* [DIRECTIONS] Everything in the listing must be repeated exactly, apart from the images.

* [DATASET SECTION]
══════════════════════════════
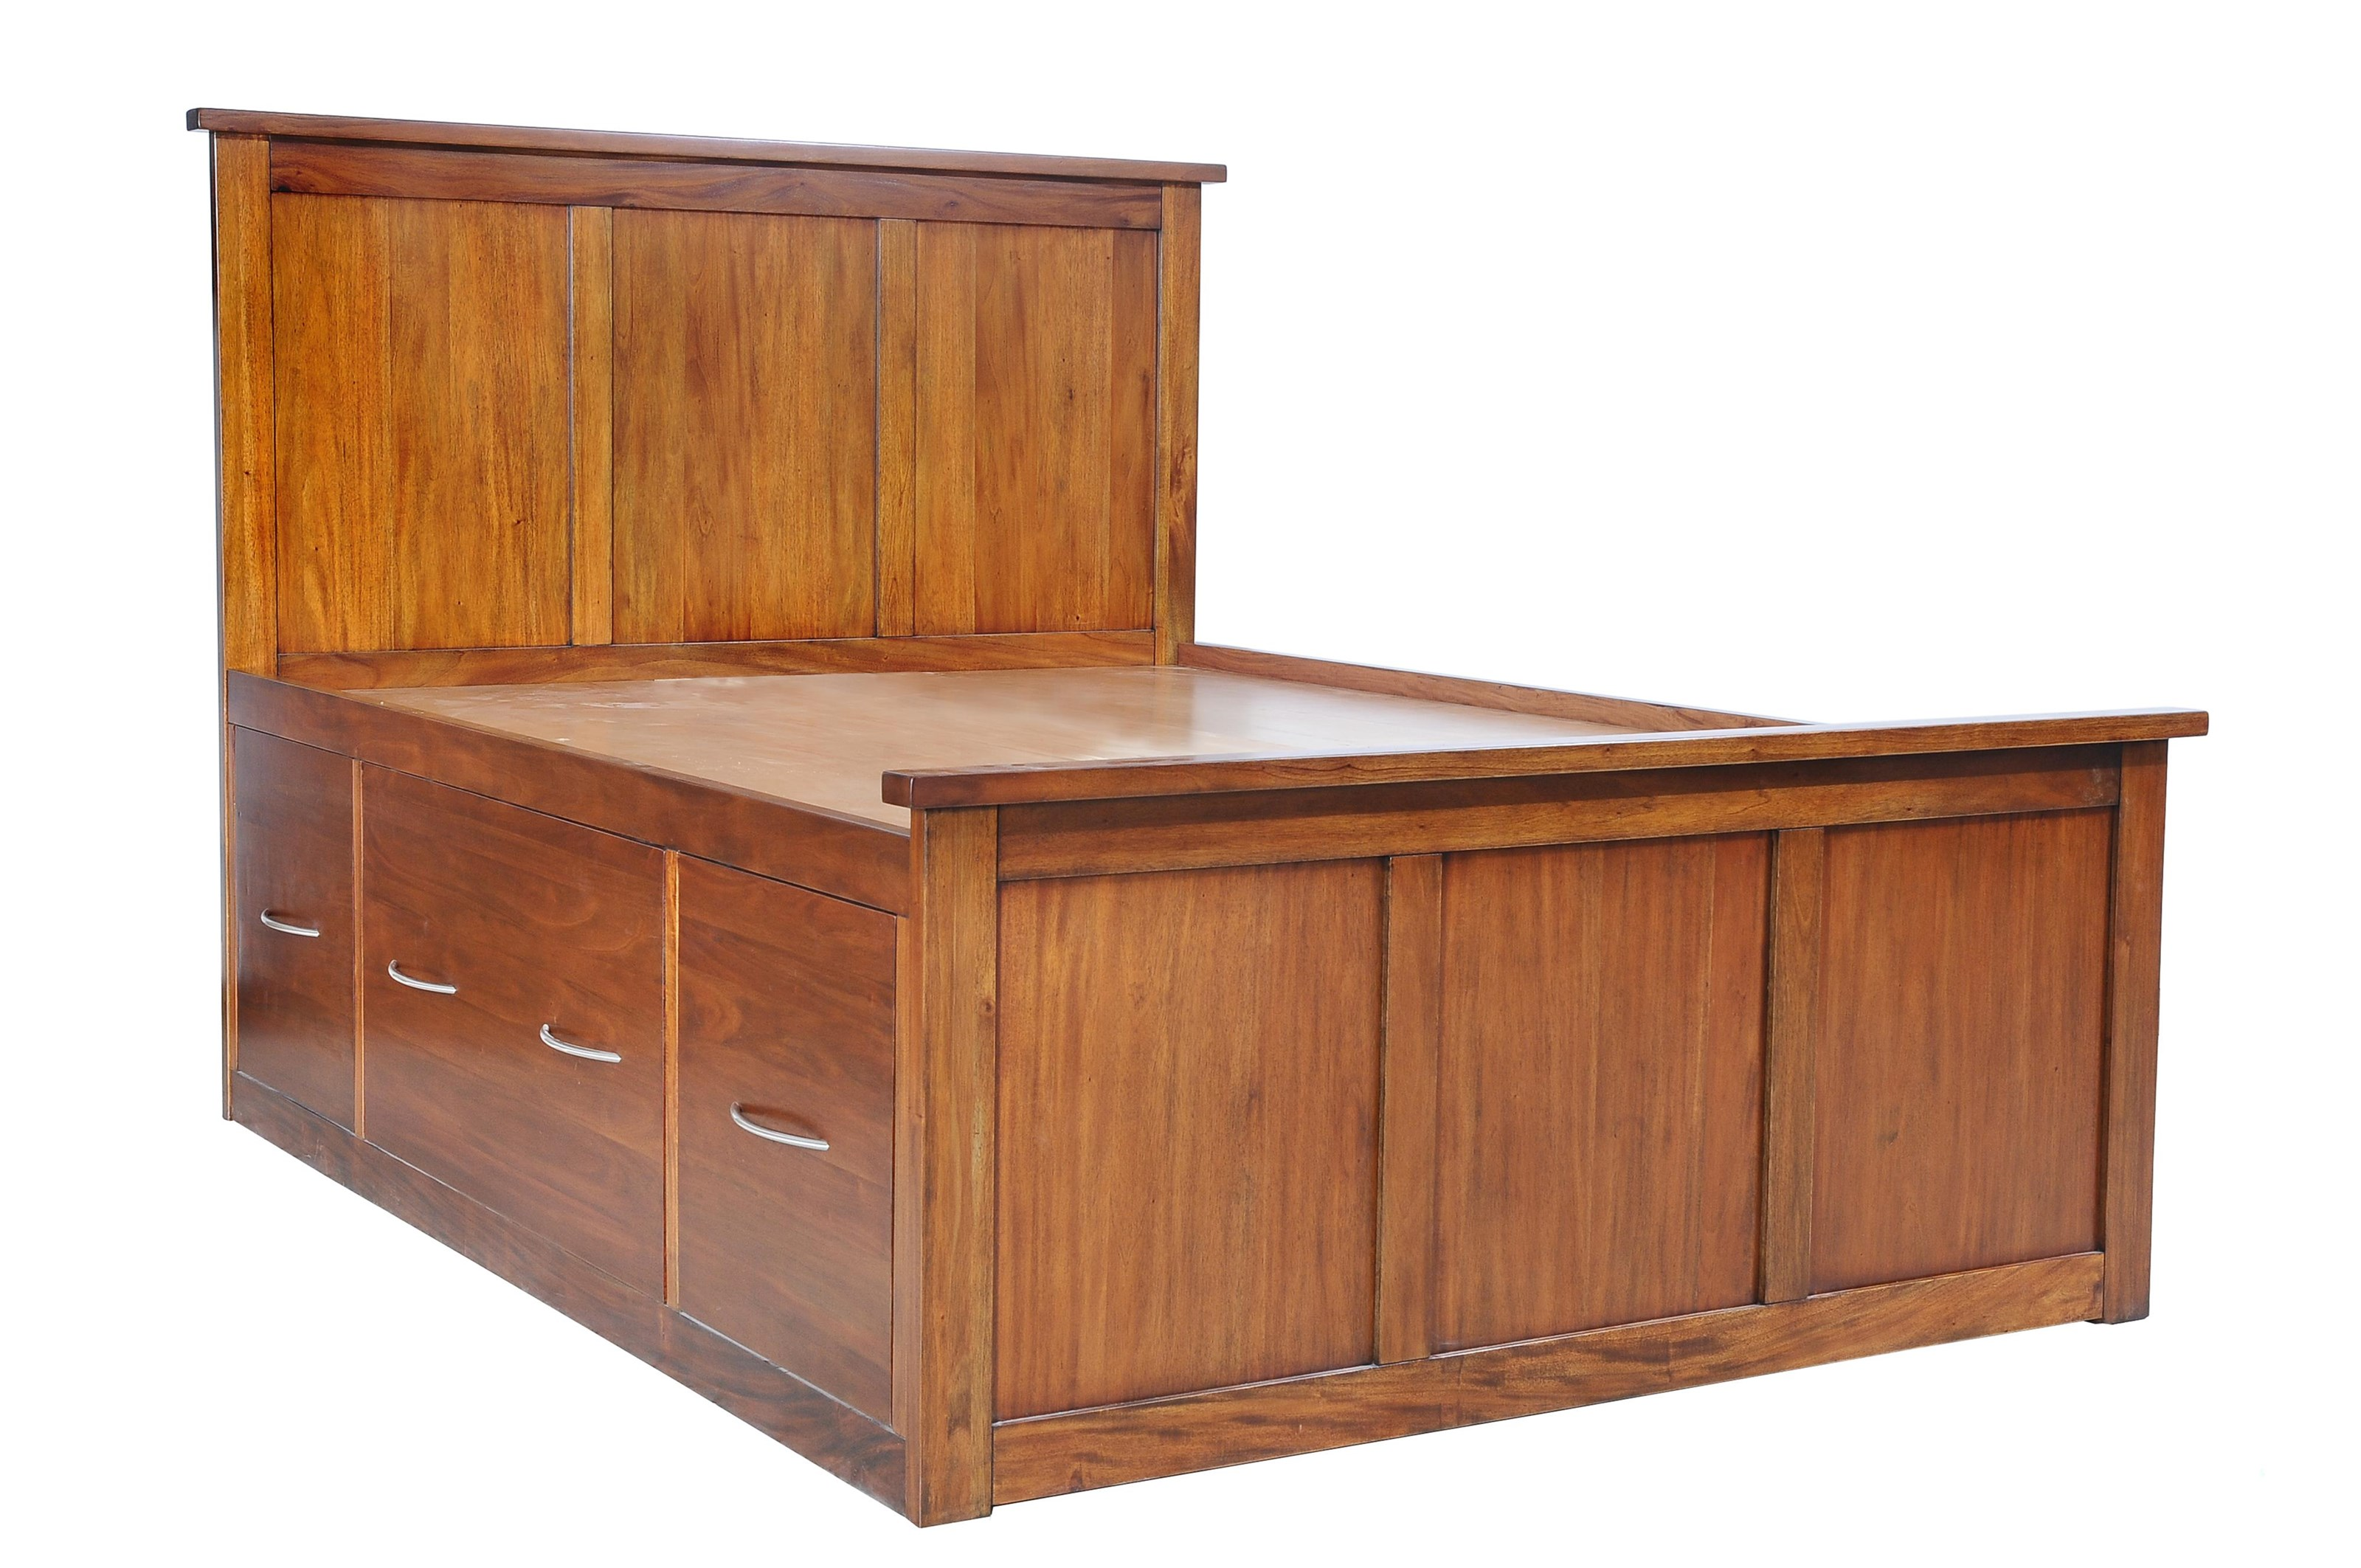 Boston Brownstone 9 Drawer King Bed by Napa Furniture Designs at HomeWorld Furniture
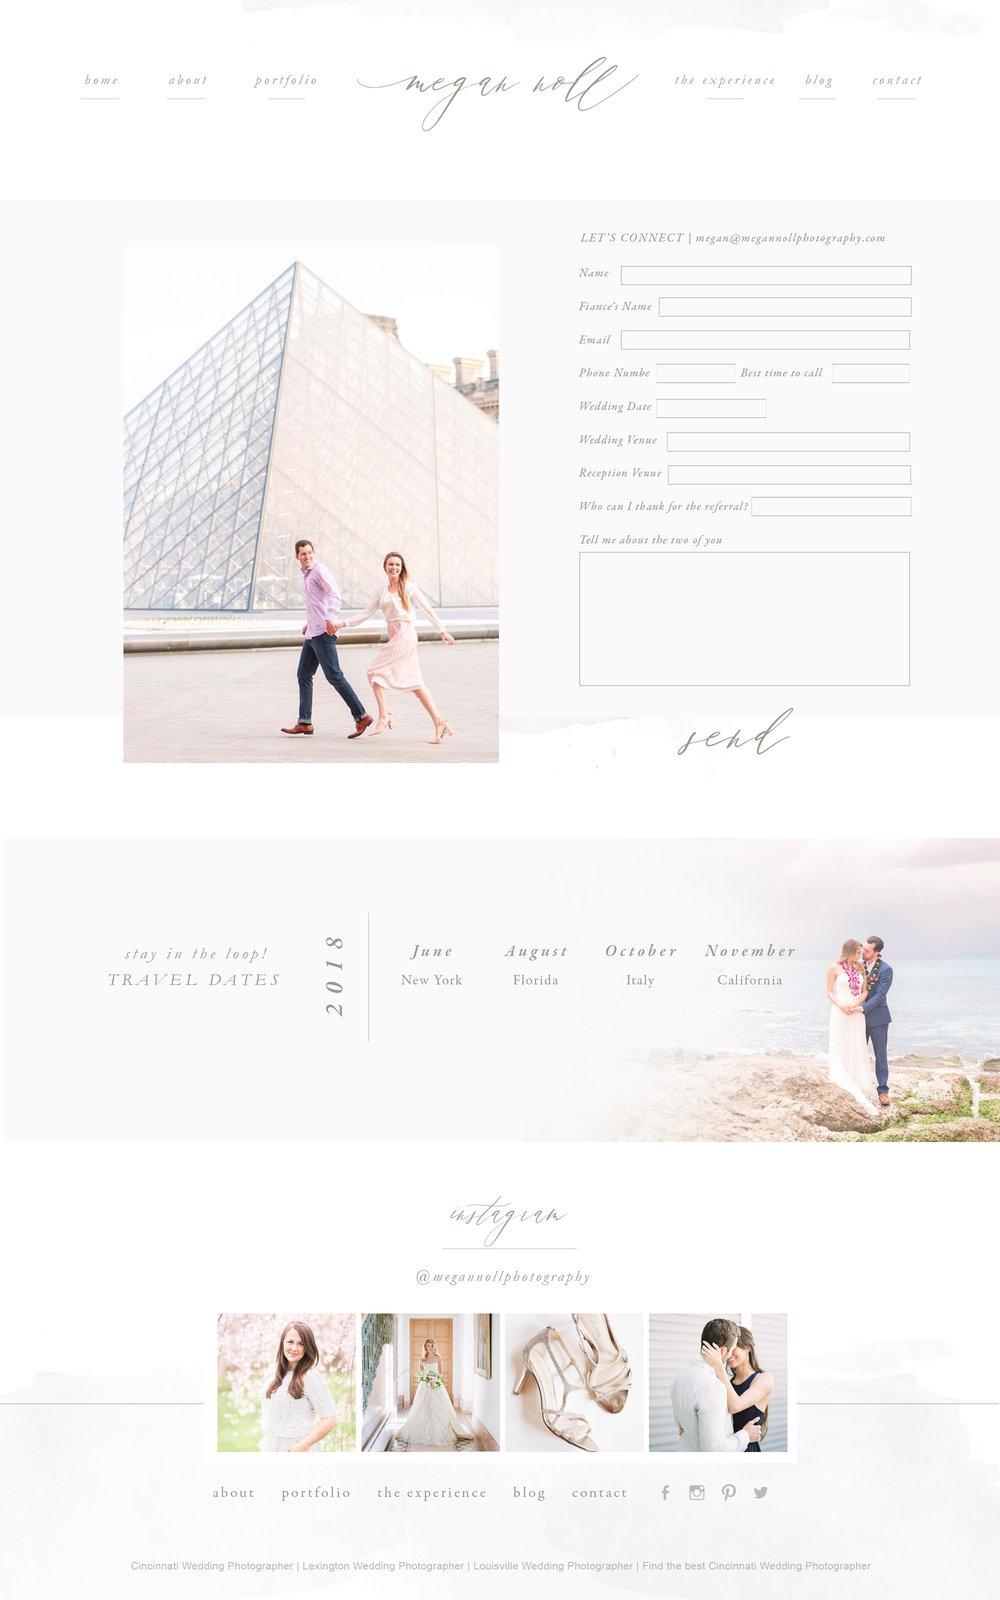 MeganNollPhotography_ShowitSite_LeslieVegaDesign3.jpg
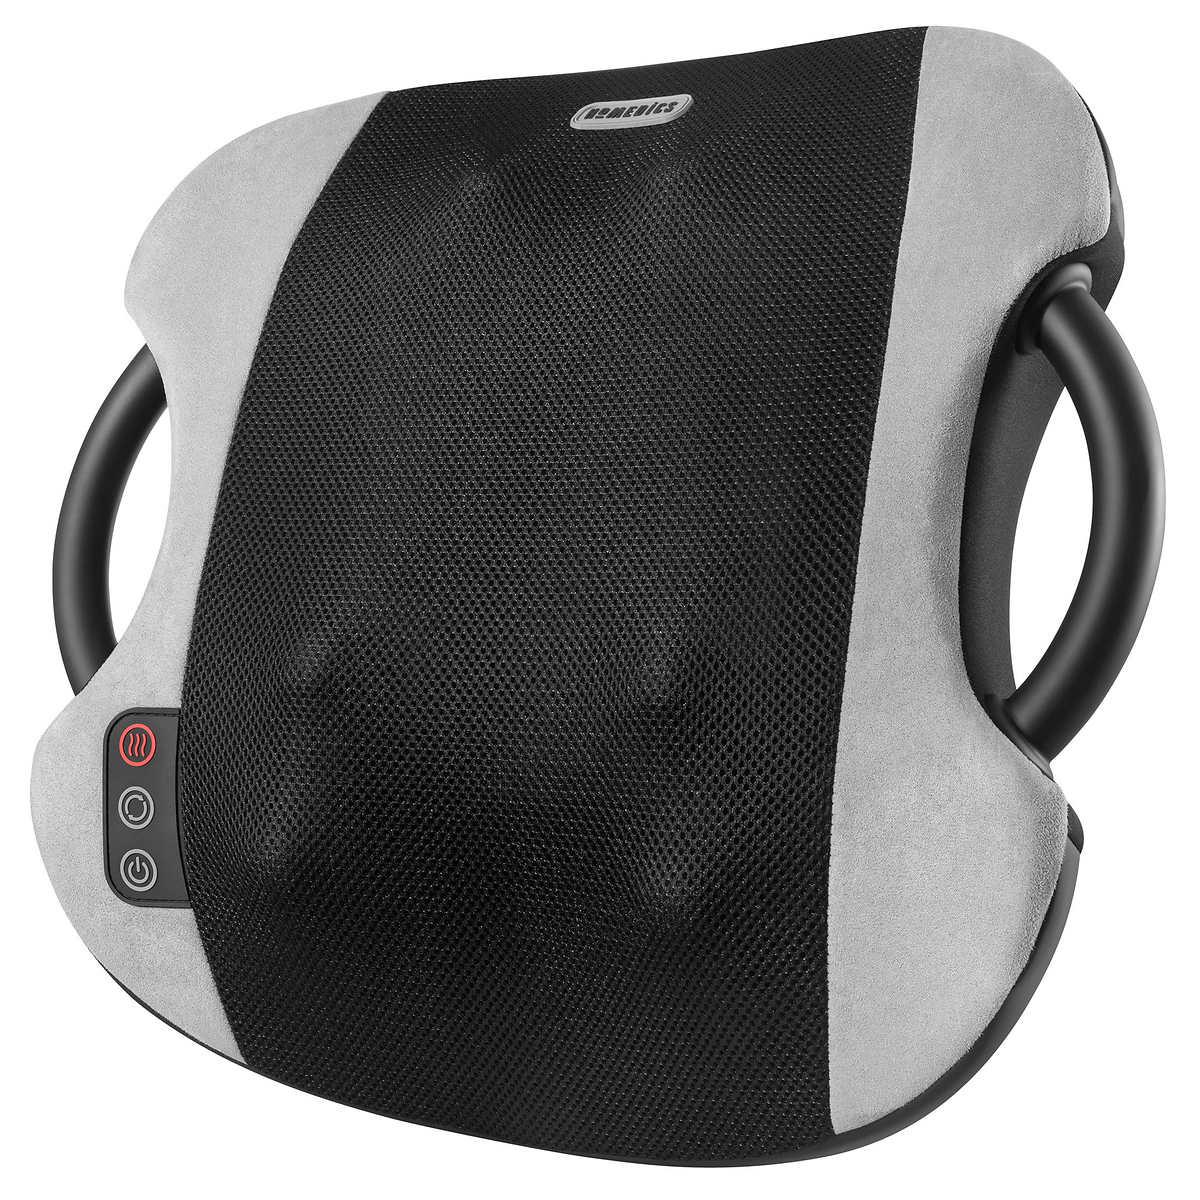 Homedics shiatsu premier back massager with heat
══════════════════════════════
* [EXERCISE ANSWER]
 Boston Brownstone 9 Drawer King Bed by Napa Furniture Designs at HomeWorld Furniture
 MeganNollPhotography_ShowitSite_LeslieVegaDesign3.jpg
 Homedics shiatsu premier back massager with heat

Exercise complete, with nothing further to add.